I plan on building a table similar to the table in the picture built by Rob Millard, but am having trouble determining how the legs are attached to the table. Does anyone have any insight into how the legs are cut and attached?

My thought is to cut an inset segment out of the leg so that the table body's edges sit on the leg's inset ledge. I've included an image of how I think the design would be. If this is the route then is the cut out done before or after the turning is done? I would think this would be cause the lathe tools to easily catch.

I don't think that there are mortise and tenons join the leg and table aprons, but I may be wrong.


----------



## jonsprague0000 (Jan 18, 2014)

Does anyone have any suggestions?


----------



## DirtyMike (Dec 6, 2015)

bump for curiosity


----------



## UncannyValleyWoods (Apr 18, 2013)

Look, I'm just spit balling here so come go with me…

I hear what you're saying about cutting the relief, but when you look that original, I would wager that this likely is not the method they used, simply because they would have to cut so much out based on the height of the drawers… The drawers, starting below the table top are likely close to 7 or 8 inches tall..

If you look at this photo, notice the back leg. You can't see it very well, but from the look of it, it does not appear that the drawer box is actually set IN to the leg…










My guess is that these legs are 100% mortise and tenoned in.
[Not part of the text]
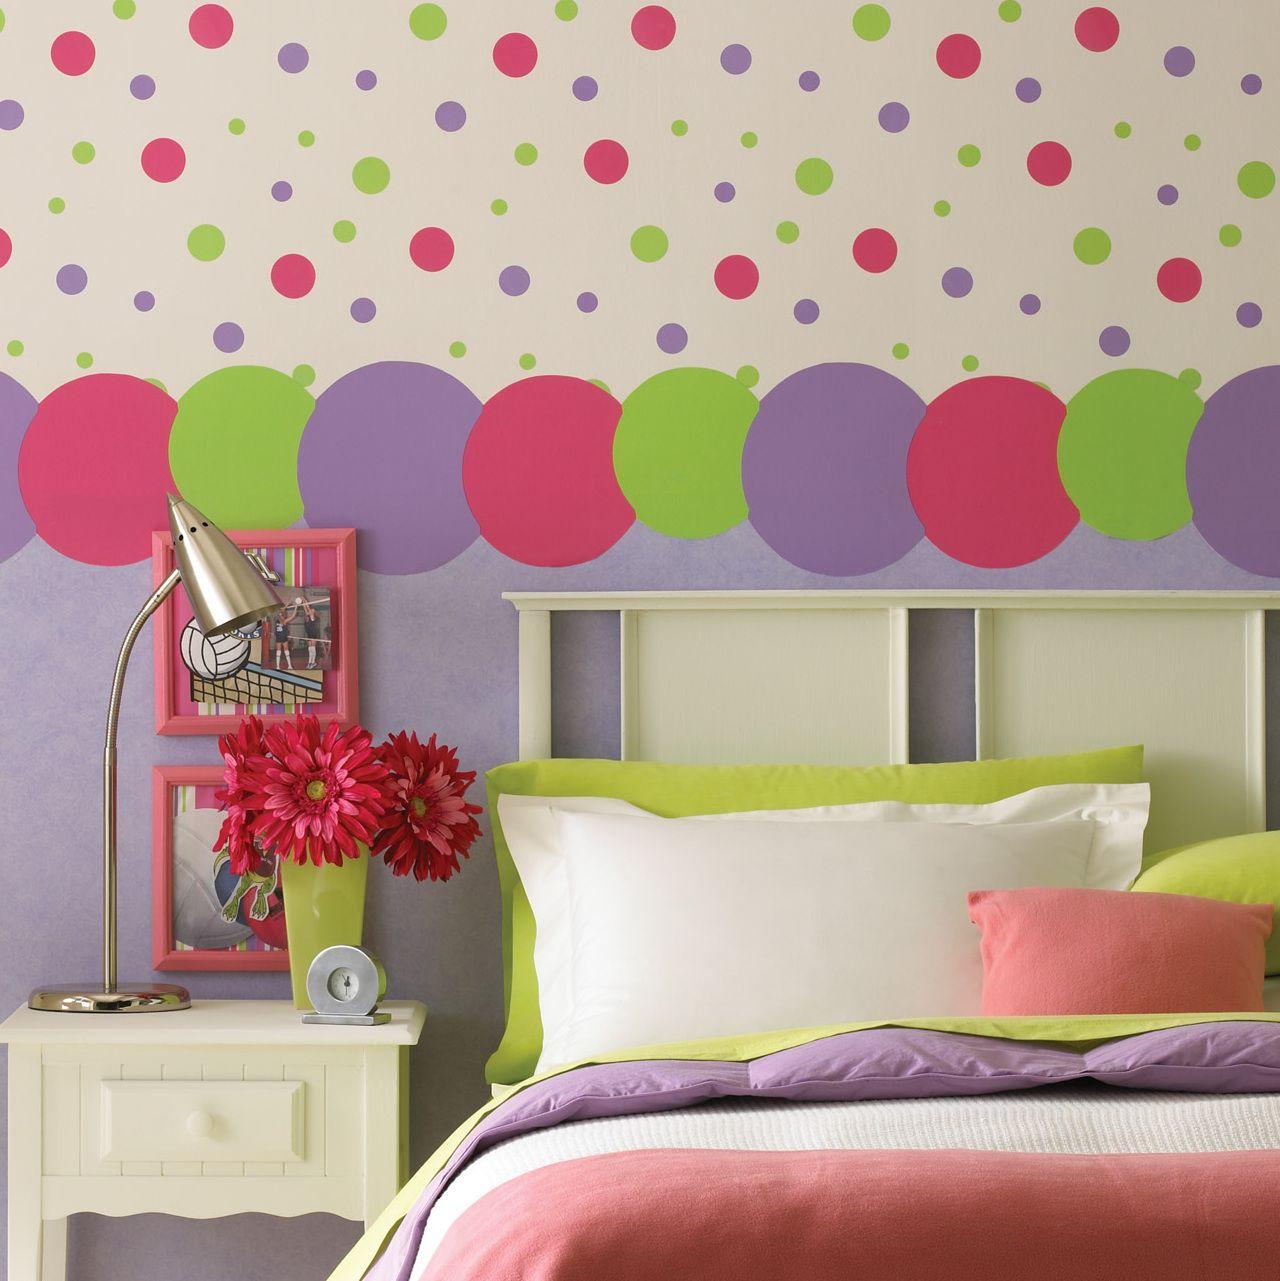 Brewster Home Fashions Kidding Around Polka Dot Wall
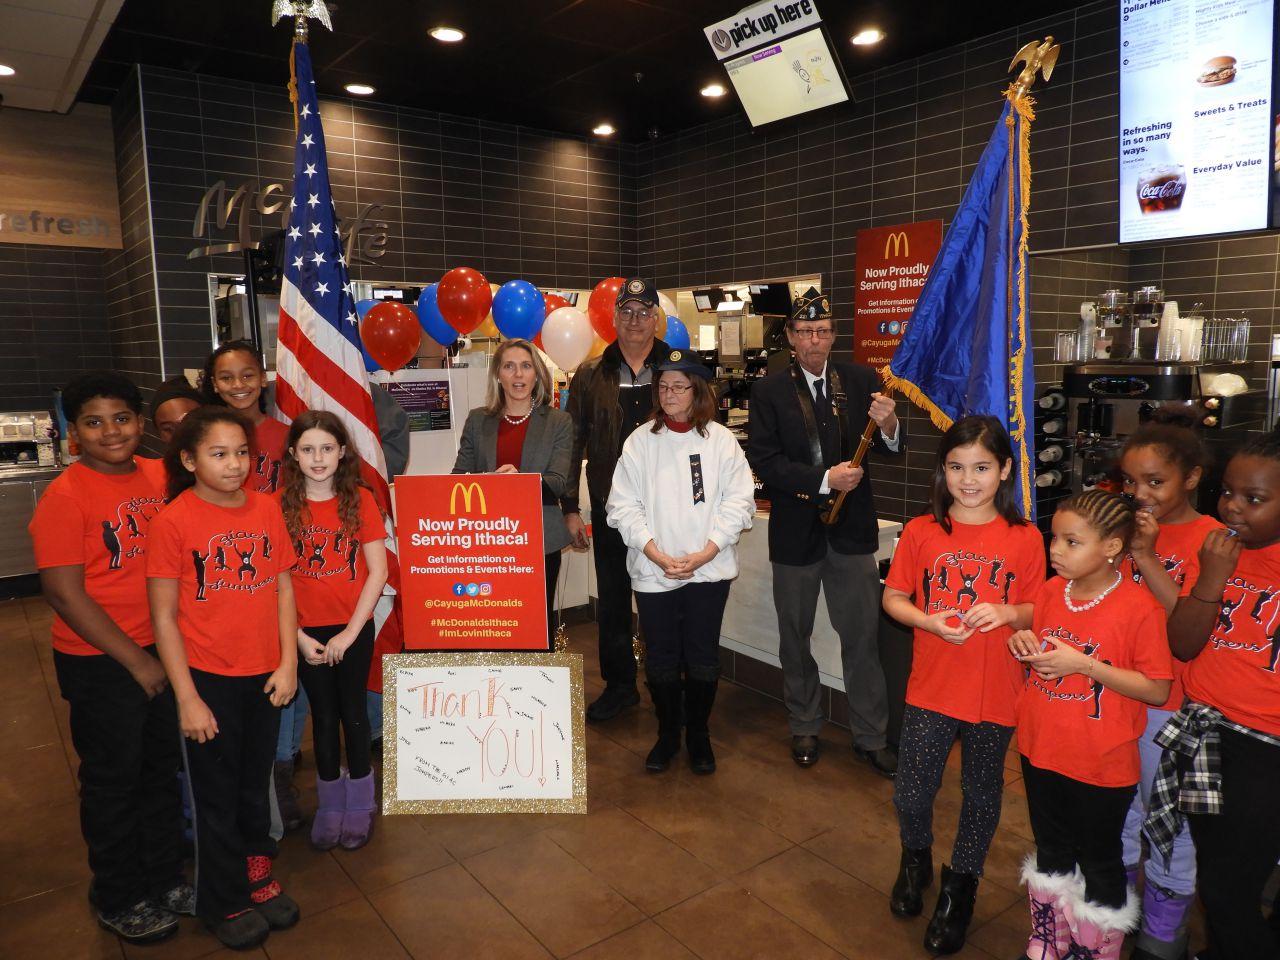 Grand opening at Ithaca McDonald's (photo)

Each of the drawer box faces likely have two or three tenons that connect with each leg, giving each leg a total of either four or six mortises on two faces. It's deceptive because the front of each leg is carved round, so it's harder to notice that it's all M&T'd compared to a table with squared legs like this one below:










I hope all that makes sense… Like I said, I'm just guessing, but my best guess is that it's mortise and tenoned. I don't think the method you mentioned above would yield the necessary structural integrity AND it would make it almost impossible to square everything up properly.


----------